The victims
are thought to have suffocated after inhaling fumes from fuel after the
boat took on water in the hold, the captain of the navy ship leading the
rescue said on Italian state television.
Commander
Massimo Tozzi, speaking from the ship, said that when his men boarded
the migrant boat they found the dead in the hold "immersed in water,
fuel and human excrement".
Migrants
who have arrived in Italy say human traffickers based in lawless Libya
charge them between $1,200 and $1,800 for a place on the deck of boats.

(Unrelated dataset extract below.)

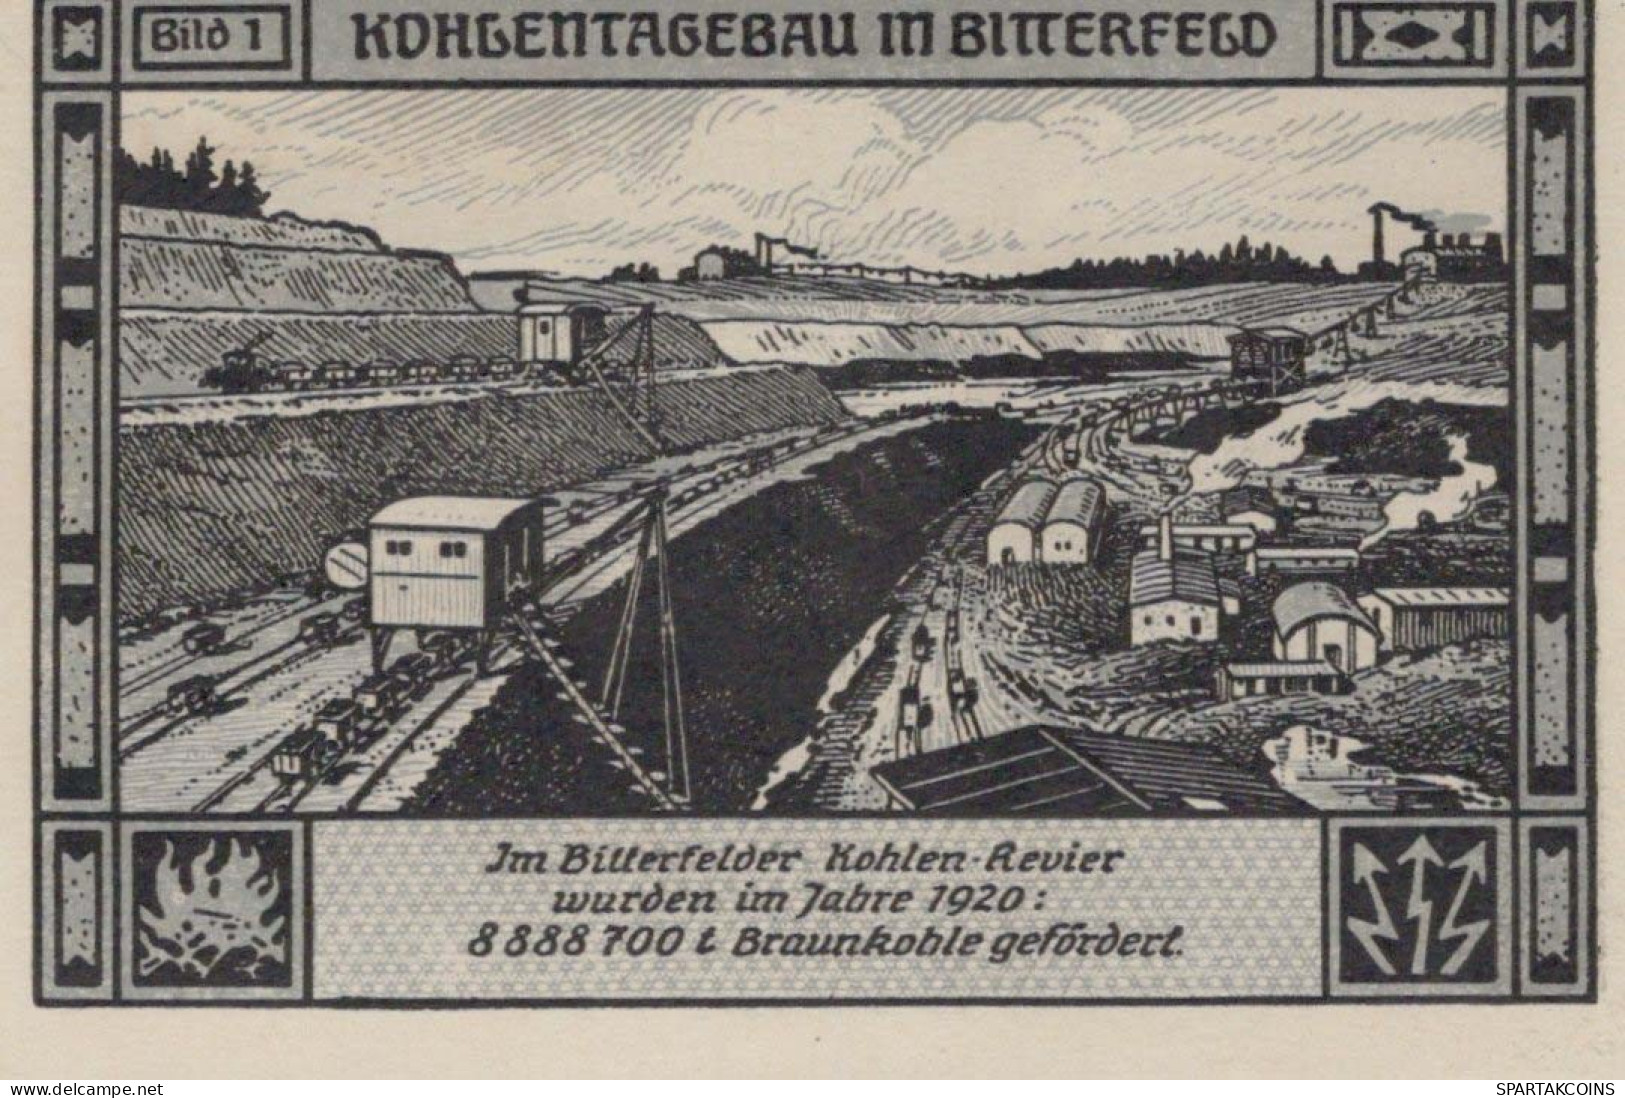 75 PFENNIG 1921 Stadt BITTERFIELD Westphalia UNC DEUTSCHLAND Notgeld #PA232 - [11] Emissioni Locali

Those crammed in the hold pay about half as much as those above.
Admiral
Pierpaolo Libuffo, head of Italy's rescue operations, told Italian
television that 312 survivors had been taken on board, including 45
women and 3 children.
He said
seven bodies of the dead had been brought aboard the navy ship and some
30 others were still in the hold. The boat was being towed to the
Italian island of Lampedusa.
Video provided by the navy showed the
blue migrant boat, which appeared to be about 20 metres long and made
of wood, was still afloat when rescuers arrived.
"Either
the international community does something to resolve the Libyan
situation or this will not be the last tragedy," Interior Minister
Angelino Alfano said.
It was
the second such fatal incident in the Mediterranean this week, during
which about 2,000 migrants have been rescued. Last Tuesday, up to 50
migrants went missing when a large rubber dinghy sank in the
Mediterranean Sea.
Around 200 migrants were presumed killed earlier this month off the coast of Libya when their boat capsized
The Mediterranean has become the world's most deadly crossing point for migrants.
More
than 2,300 people fleeing war and poverty have died this year in
attempts to reach Europe by boat, compared with 3,279 deaths during the
whole of last year, the International Organisation for Migration said.
The
Geneva-based organisation said the number of migrants who have crossed
the Mediterranean so far this year is approaching a quarter of a
million, compared with 219,000 for all of last year.
More than 100,000 have arrived in Italy so far this year, Alfano said.